Probation for disgraced Kelowna police officer

Judge cites inexperience, lack of supervision for Const. Geoff Mantler's errors, which culminated in him kicking a brain-injured man

  • May. 2, 2013 7:00 a.m.
Geoff Mantler

Geoff Mantler

Judge cites inexperience, lack of supervision for Const. Geoff Mantler’s errors, which culminated in him kicking a brain-injured man

Former police officer Geoff Mantler was handed a suspended sentence and 18 months probation for kicking brain-injured man, Buddy Tavares, in the head in an incident that was caught on video.

“I agree that it is easy to be the Monday morning quarterback and evaluate the situation that occurred on Jan. 7, 2011 in slow motion from the comfort of a judge’s chair,” said Judge Greg Koturbash on Thursday. “There are no sirens blaring in the background. There is no potential of a gun fight, no innocent civilians in harm’s way, and my body is not impaired by the powerful drug called adrenaline.”

“Many who have watched this video will never comprehend how this could occur in a country like Canada; yet others, who are fully informed, will be more sympathetic and have some measure of understanding and compassion for both men involved.”

Koturbash cited a “calamity of errors” in describing the moments leading up to the kick, beginning with the 911 caller not asking what Tavares had been shooting at when someone at the golf club–who didn’t see what happened–called 911 to report the incident.

“Based on the information they were provided from dispatch, the officers responding justifiably believed that the person they were looking for had been engaged in an active shooting of people at the golf course.”

“They were not told that he was shooting geese,” said Koturbash.

Tavares ended up driving past Mantler, “completely oblivious” to the fact police were looking for him, and Mantler’s next move after pulling in behind Tavares “was a critical error in judgement.”

“Regardless of what he believed, [police expert] Sgt. Lane pointed out that Const. Mantler’s thought that he needed to immediately apprehend Mr. Tavares was flawed. Even despite the circumstances he should have followed his Code 5 [high risk vehicle stop] training and he did not. This was not an active shooter situation, instead it had the potential to be one.

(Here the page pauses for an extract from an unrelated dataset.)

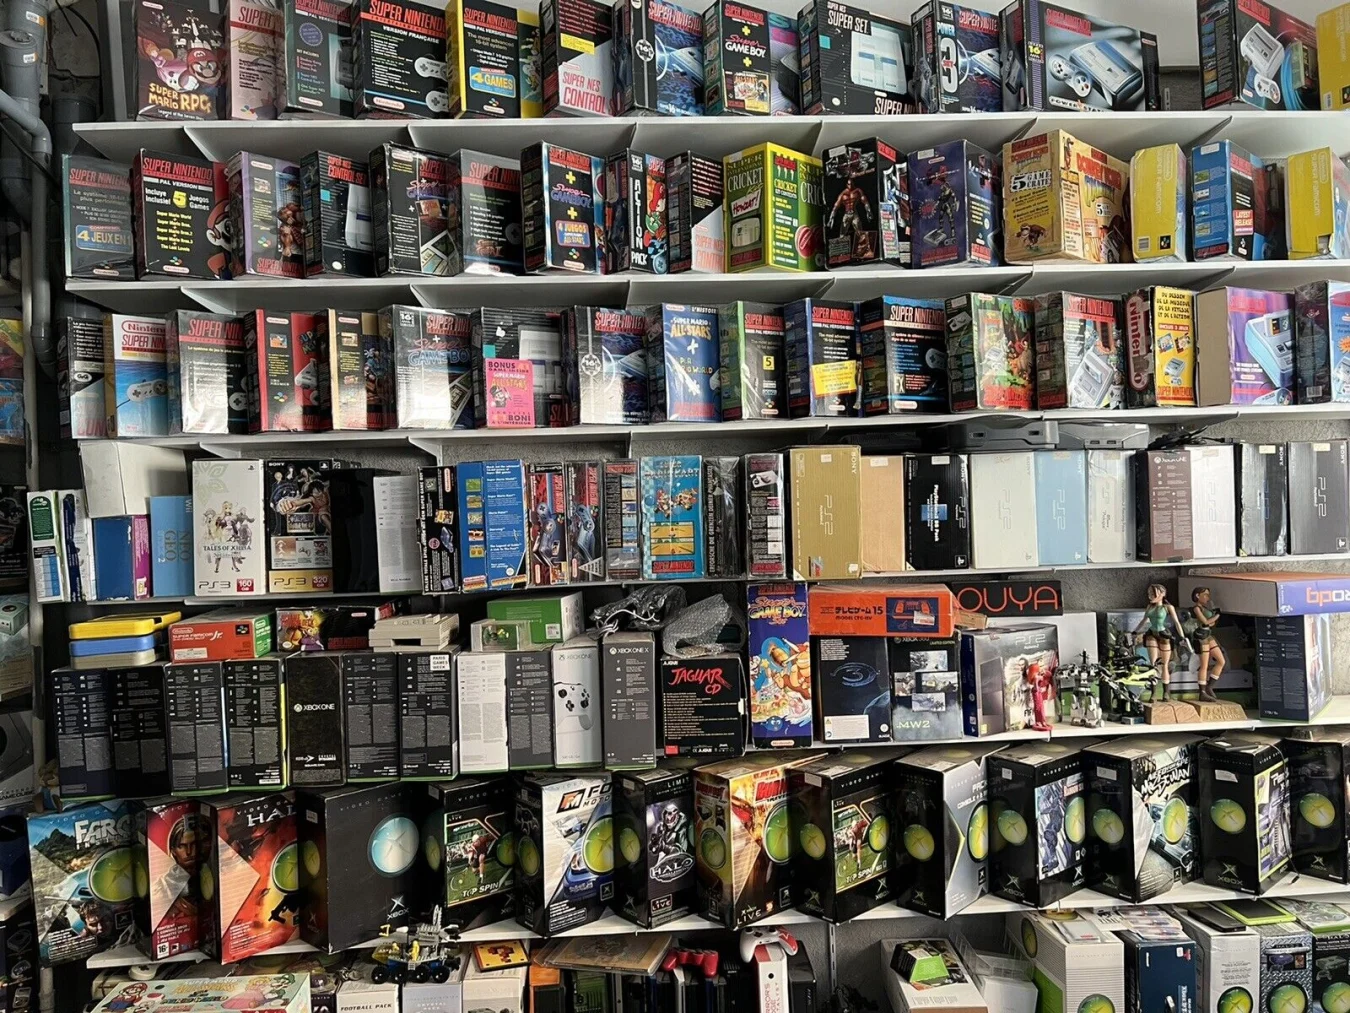 Collection of video game consoles, including Nintendo and Xbox products.

There is a significant difference,” said Koturbash.

Mantler, the court heard, should have stayed within the safety of his police vehicle, waited for backup to arrive and before slowly directing Tavares out of the vehicle and onto the ground with very concise commands.

Instead he approached the vehicle and ordered Tavares out with “vague” commands. He kicked Tavares when he saw Tavares’ hands move up for a “fraction of a second” as he was getting down on all fours, the court heard.

“One of the reasons for the errors made by Const. Mantler and his skewed perception of the events confronting him was his lack of experience. He was not a seasoned veteran officer who threw all his training to the wind and acted like some out of control cowboy,” said Koturbash. Koturbash also cited a “gross absence of supervision” on this call by more senior members. “Despite being the highest priority call….the most senior officer to respond had less than four years of experience.”

The kick, added Koturbash, was not given out of anger and is a factor in why Mantler does not face jail.

“He misjudged and outrageously miscalculated the need and degree of force necessary to conduct the arrest,” said Koturbash. “He reacted out of panic and a sense of urgency.

“If there had been an indication that the kick was an act of gratuitous violence, or a result of anger, jail would have been the only option,” he said.

Koturbash sided with the Crown’s sentencing submission of a suspended sentence and probation for the 30-year-old, who pleaded guilty to assault causing bodily harm part-way through a trial in December.  He rejected defence’s request for a conditional discharge.

“In my opinion, discharges ought not to be commonly granted where the offence involves an assault of person under the control of a police officer,” said Koturbash. “The public needs to be assured that they can help expect law enforcement to respect the law. A conditional discharge would not help restore the trust that has been breached.”

Conditions of Mantler’s  probation include 50 hours of community work service and a victim offender reconciliation with Tavares, should Tavares chose to participate. Tavares, however, says it is “never going to happen.”

“I’m done with all this shit. I’ve spent enough time thinking about it,” he said.

However, he said it was “good” that Mantler did not get a discharge—which would leave him without a conviction on his record after a period of time—and earlier said he hoped the RCMP would use the situation as an opportunity to learn instead of shuffling “it under the carpet.”

Mantler’s lawyer, Neville McDougall, is also waiting for RCMP management to own up for not supervising the inexperienced officers on such a potentially serious call.

“I haven’t seen anything from management where they’ve stepped up and said we’ve erred here,” said McDougall.

Mantler, who has quit the force, was an “excellent officer” and they  threw him “under the bus,” he said.

“He’s disenchanted with how he’s been treated here,” said McDougall. “He made one mistake and they completely discarded him.”